TASK TO CARRY OUT> Give back every entry precisely as written, without any of the images.

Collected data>
------------------------------------------------------------------------

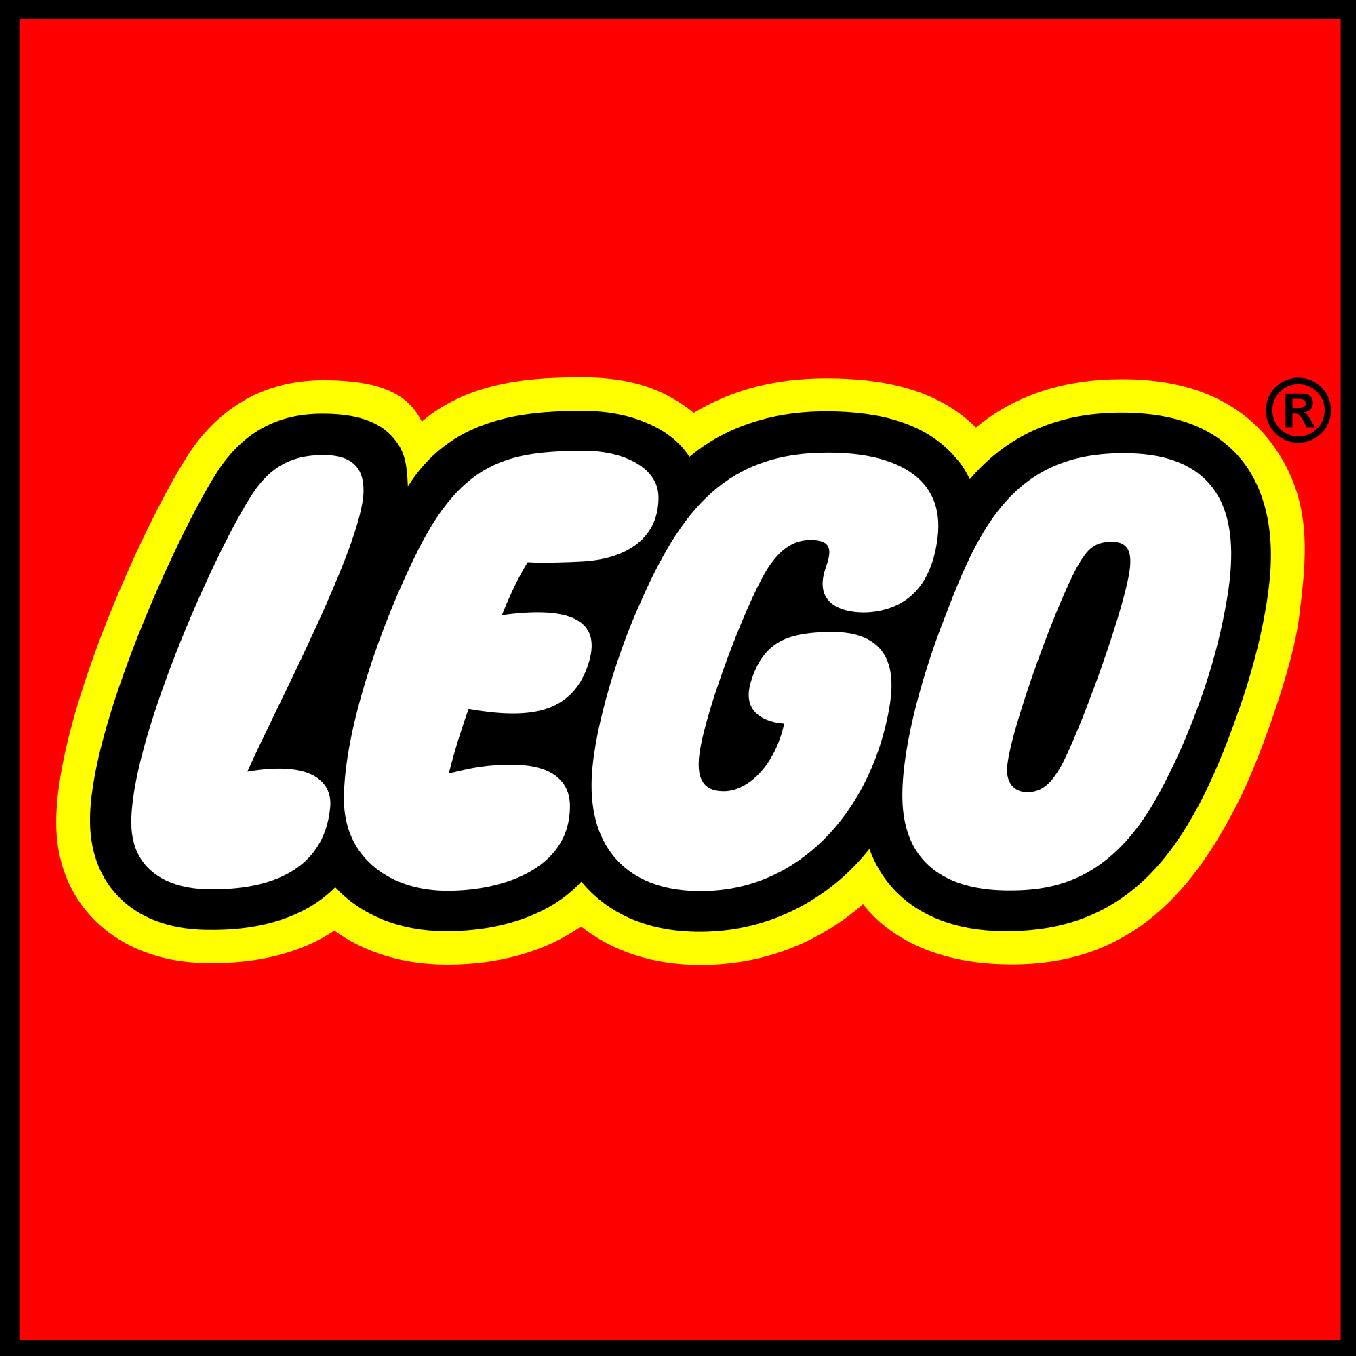 Lego logo wallpapers HD
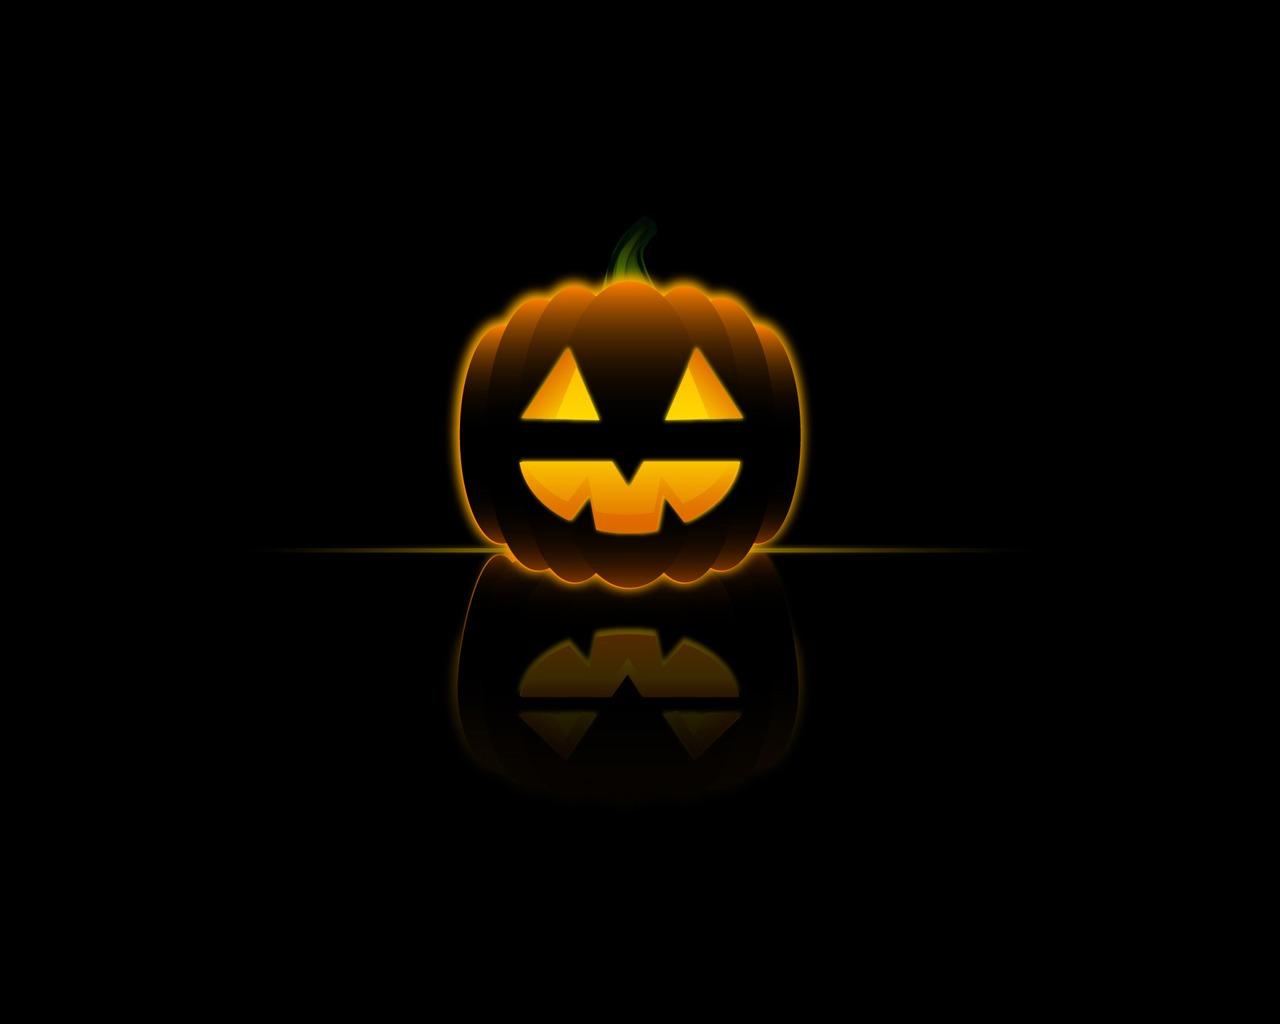 Amazing Wallpaper Halloween Iphone 5 - halloween_pumpkin_wallpaper_halloween_holidays_3240  Collection_312474.jpg
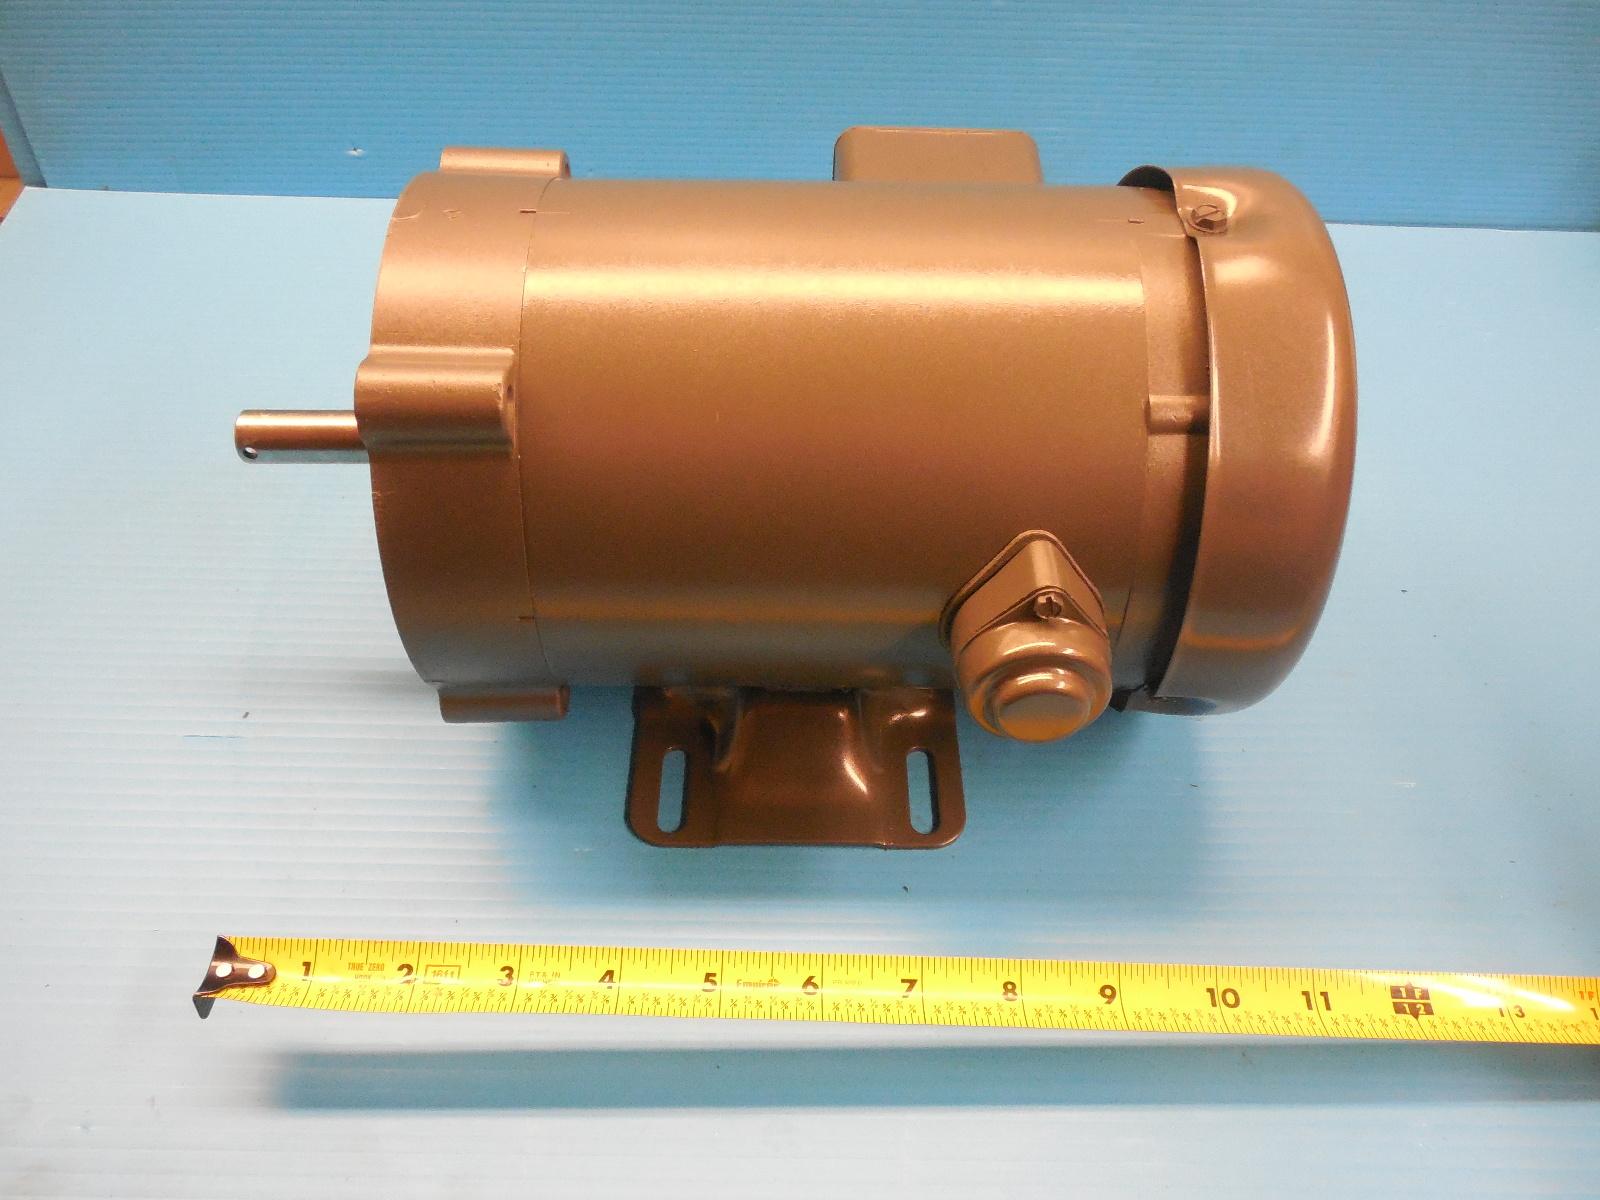 New Baldor Industrial Dc Motor 34 4013 5249g1 1725 R P M 575 Volts 0 5 Hp Ebay
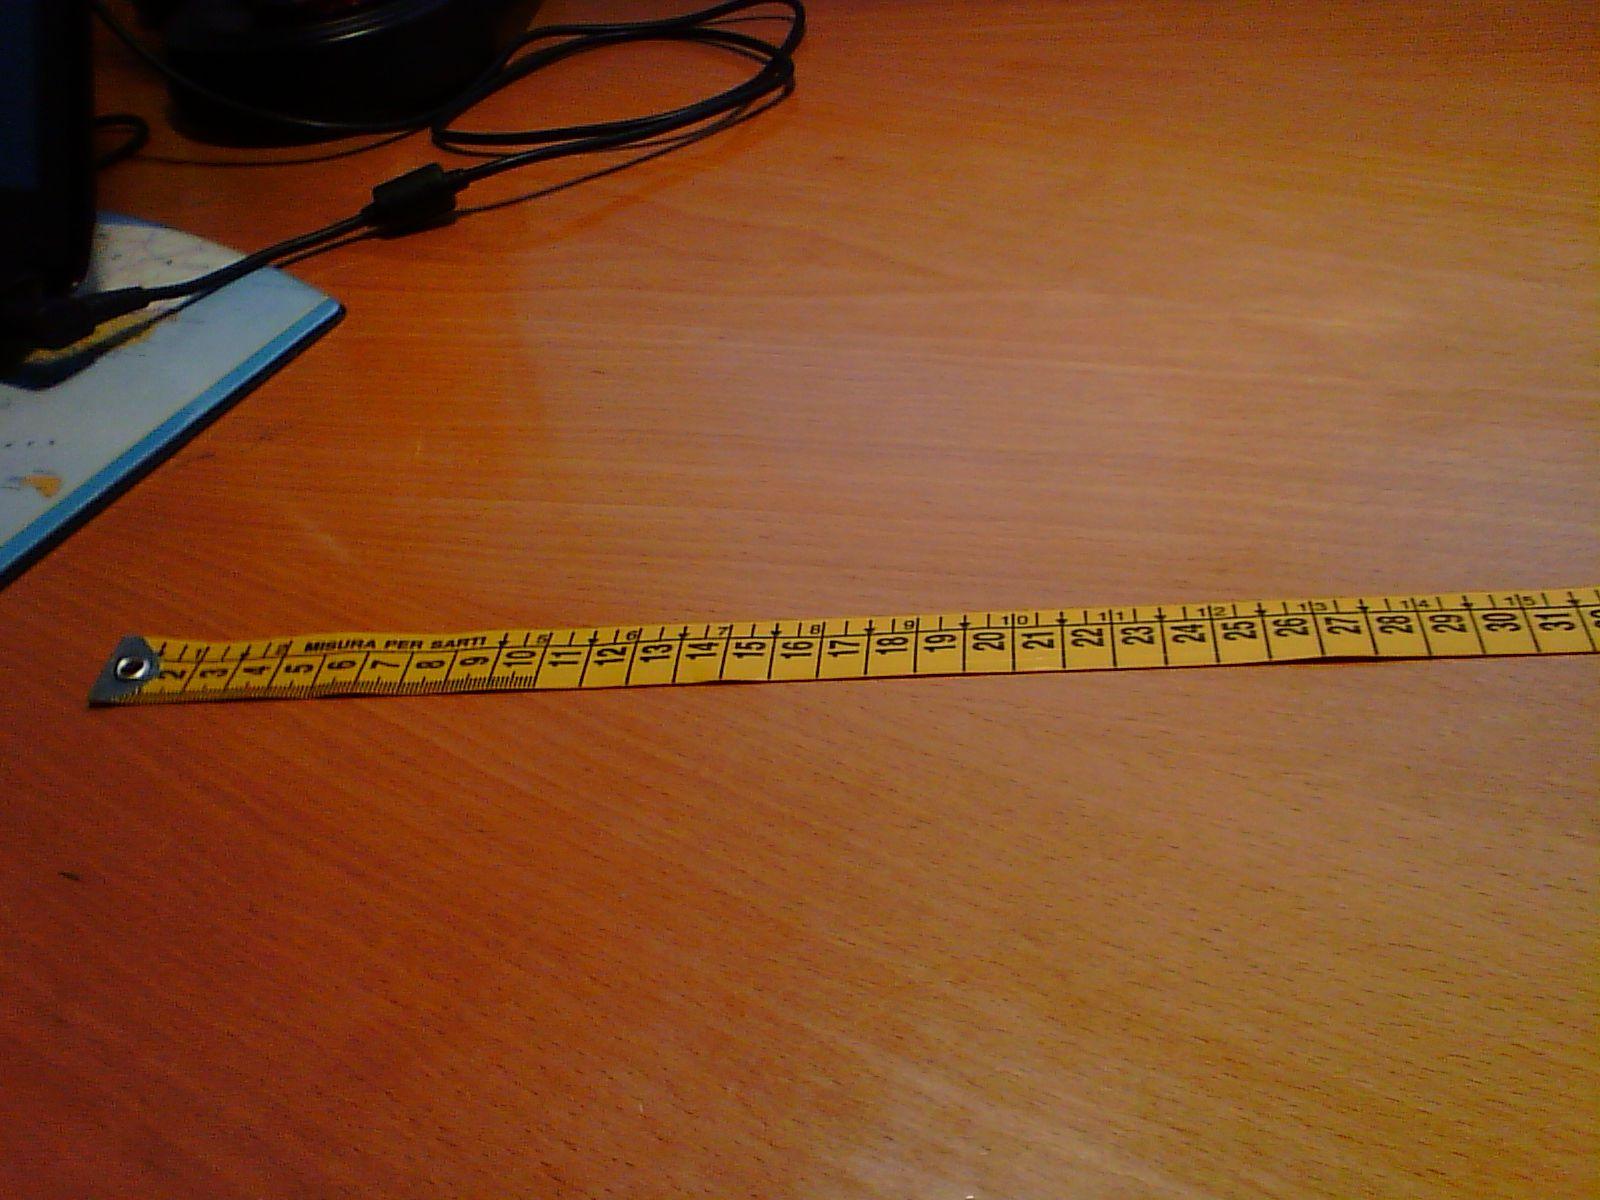 Sirve para medir la longitud
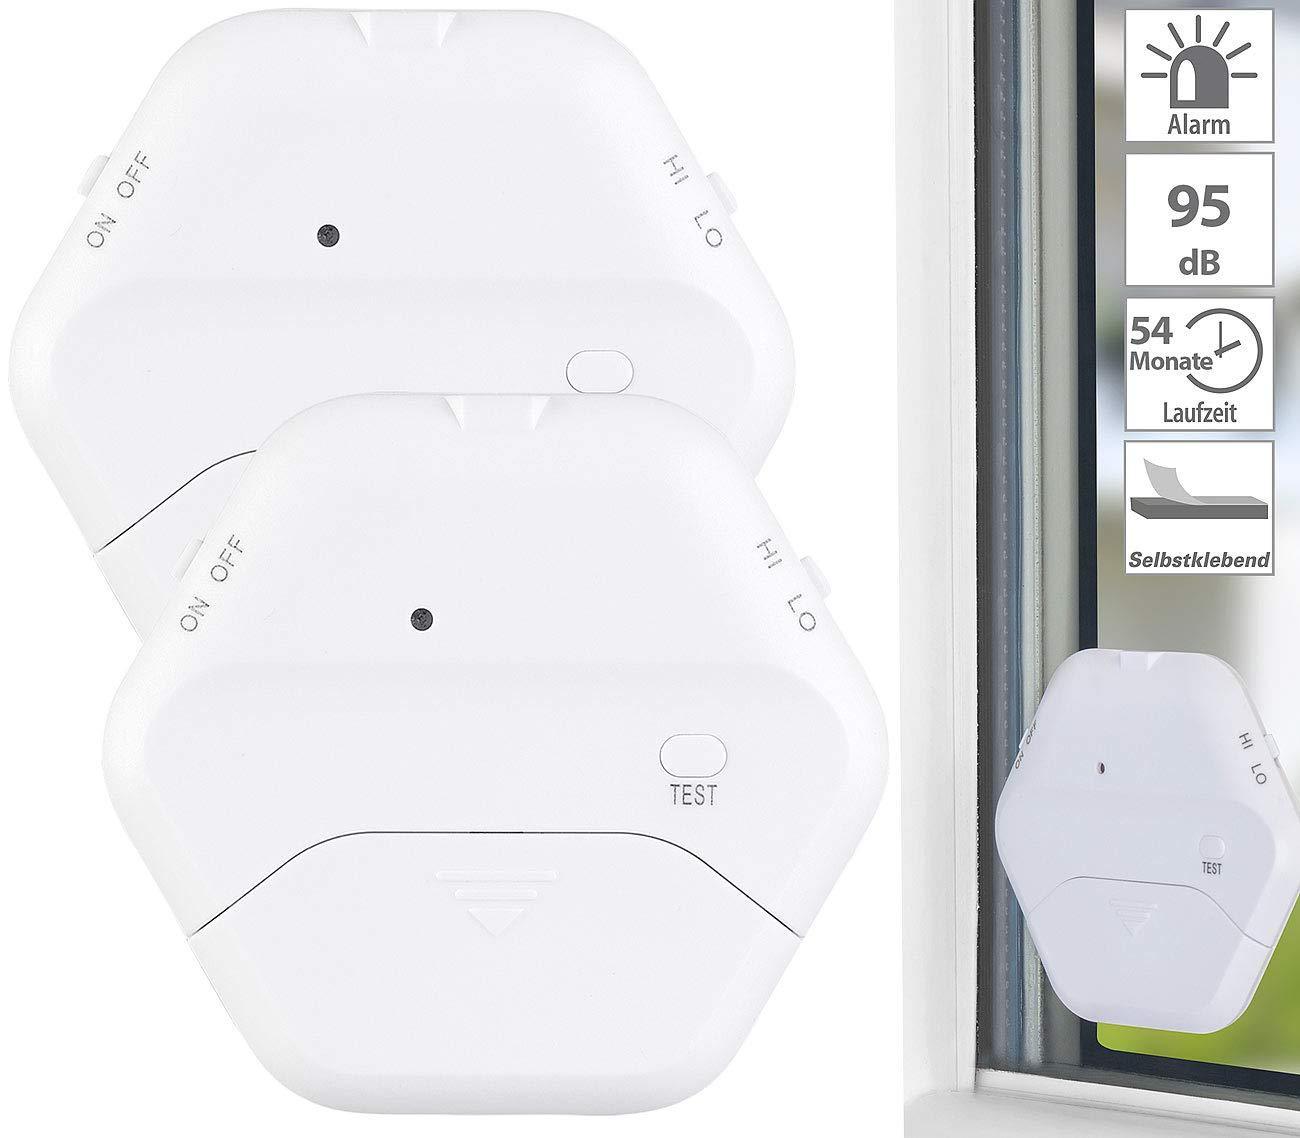 VisorTech Fensteralarm: 2er-Set extrad/ünne Glasbruchmelder 2 Stufen Glasbruch-Alarm 95 dB 54 Monate

------------------------------------------------------------------------

EXPECTED ANSWER>
 Lego logo wallpapers HD
 Amazing Wallpaper Halloween Iphone 5 - halloween_pumpkin_wallpaper_halloween_holidays_3240  Collection_312474.jpg
 New Baldor Industrial Dc Motor 34 4013 5249g1 1725 R P M 575 Volts 0 5 Hp Ebay
 Sirve para medir la longitud
 VisorTech Fensteralarm: 2er-Set extrad/ünne Glasbruchmelder 2 Stufen Glasbruch-Alarm 95 dB 54 Monate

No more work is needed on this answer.